Ils s'étaient installés autour de la table basse du salon. Bien sûr, ils n'avaient pas pu récupérer leurs sacs ni les provisions qu'ils contenaient mais la cuisine était bien équipée, et ils se régalaient de pattes à la sauce tomate. Ils n'avaient pas fait de festins comme celui-ci depuis plus d'un mois, pourtant Thomas ne semblait pas dans son assiette. 

Ce qui inquiétait Jefferson était qu'il ne paraissait ni triste ou désespéré, mais ... il ne savait pas quels mots utiliser. Joyeux et en colère en même temps. Il avait les muscles faciaux plus détendus que depuis plusieurs semaines, mais ses yeux suggéraient autre chose.
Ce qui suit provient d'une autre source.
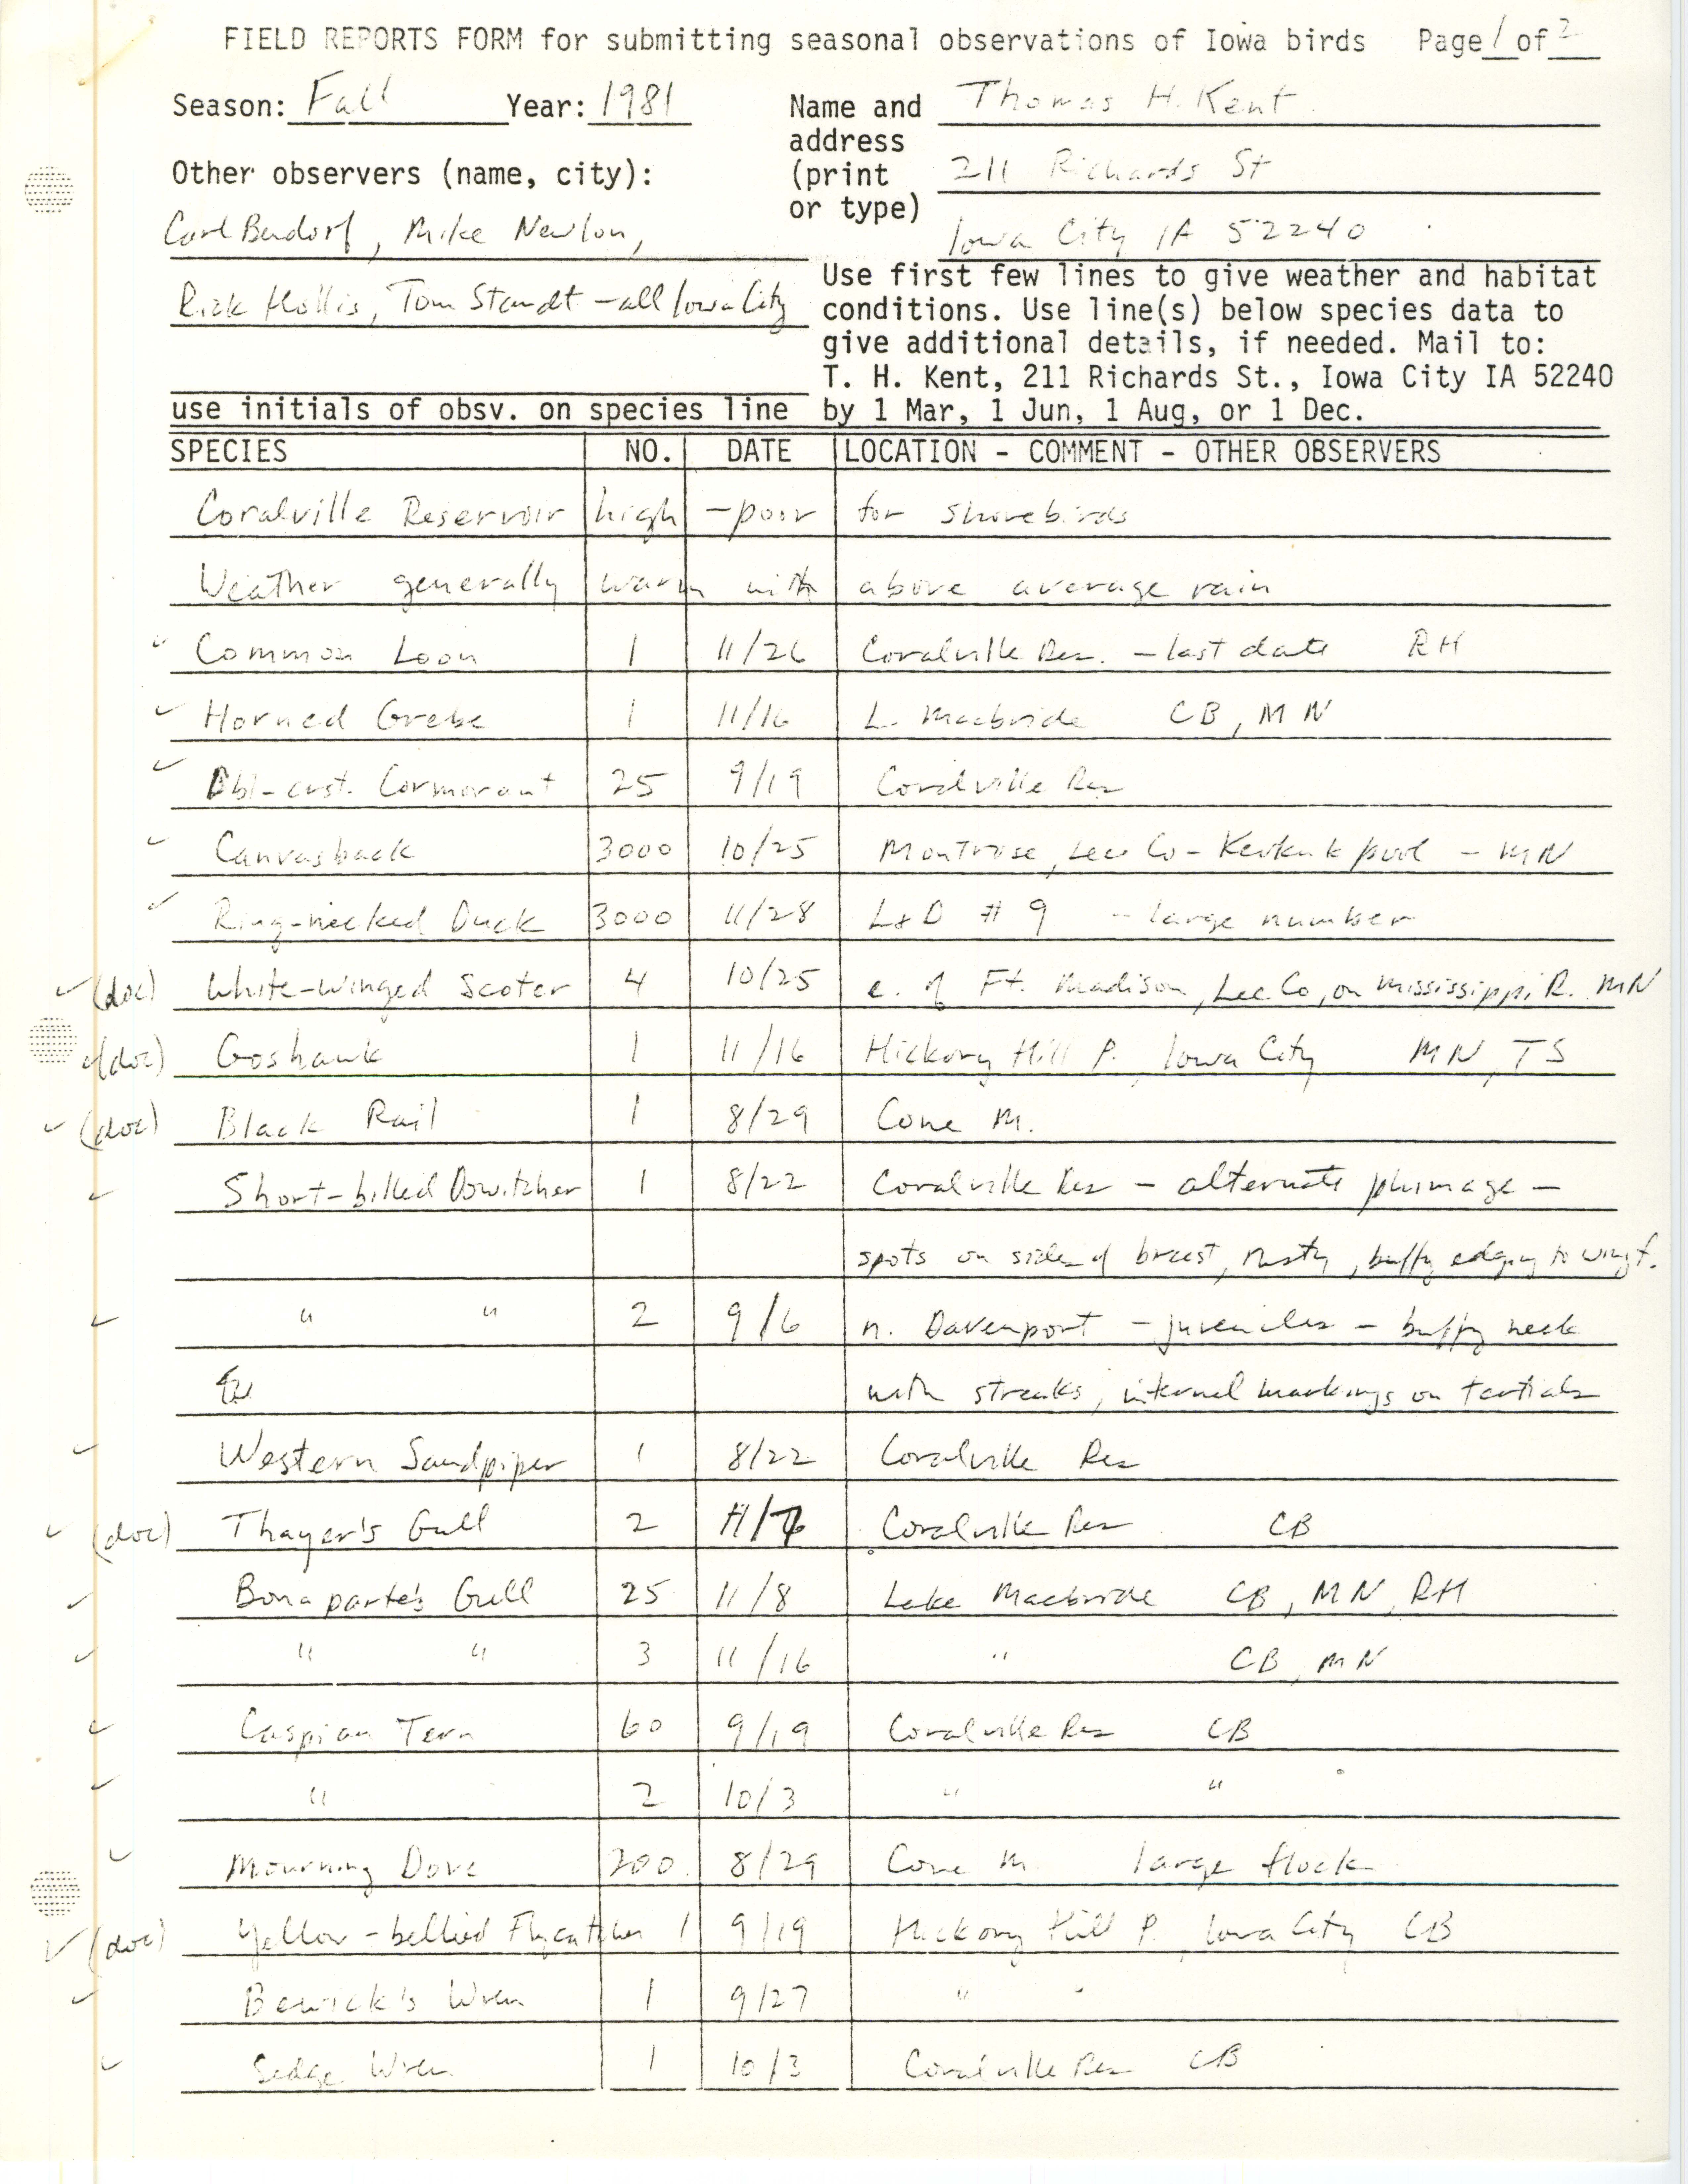 Field notes contributed by Thomas H. Kent with verifying documentation, fall 1981

L'américain n'y comprenait rien. Il avait décidé de lui en parler lorsque Dario dormirait. 

Plus tard dans la soirée, les deux plus grands envoyèrent leur cadet dans une chambre. Ils avaient trouvé un paquet d'épaisses cigarettes. Aucun des deux n'avaient jamais fumé, mais ils étaient décidé à tester ce soir-là. Ils s'installèrent donc au bord de l'Allier, les jambes de leurs pantalons retroussées et les pieds dans l'eau

   - T'es sûr que t'en veux encore une ? Demanda Jefferson, la voix rauque d'avoir toussé, c'est dégueulasse ces machins. 

   - J'en ai besoin, insista Thomas. Tu peux pas me refuser ça. Et puis, on risque quoi, le cancer ? Non mais franchement, après tout ça, tu crois que c'est un cancer qui va nous choper ? Ce serait trop bête, conclut-il en pouffant.

   - Tiens, vas-y, céda l'autre. Mais avant tu dois répondre à une question. Il attendit que son ami acquiesce avant de continuer : Qu'est ce que t'as depuis qu'on est là ? T'es bizarre... je ne te reconnais plus. 

   - Je me dégoûte, répondit Thomas après un moment. Je devrais être triste. Ne me dis pas qu'on a chacun sa manière de faire son deuil. J'en ai déjà vécu, trop même. Ma vie, mes parents, mes amis, tout. Et là... là je me sens bien. Tu sais pourquoi ? Parce que pour la première fois depuis des semaines, je vais pouvoir dormir en paix. Je me dégoûte, je te dis. Ma soeur est morte, et moi je suis heureux ! Tout ça pour un putain de sommeil ! Je me dégoûte Jeff ! T'imagines pas le nombre de fois où j'ai souhaité sa mort, seul la nuit. Au matin je finissais par me dire, ce n'est qu'une pensée, tu ne le crois pas réellement. Tu parles !  Maintenant qu'elle est partie, je le sais. Je suis un monstre ! Je me dégoûte ! 

Il avait terminé de parler en criant vers la rivière, comme s'il voulait s'adresser à quelqu'un d'autre, voire au monde entier. 

La main tremblante, il alluma le briquet, l'approcha de son mégot et l'éteignit avant que les deux ne se rencontrent. 

   - Je n'en veux plus, dit-il en la redonnant à l'américain. Bonne nuit. 

Il retourna à l'intérieur en écrasant rageusement les larmes sur ses joues, laissant Jefferson les pieds dans l'eau, encore sous le choc de la déclaration de son ami. Il n'imaginait pas qu'une personne puisse ressentir des sentiments si contradictoire. 

   - Pourquoi tu te mens ainsi ? murmura-t-il dans le noir.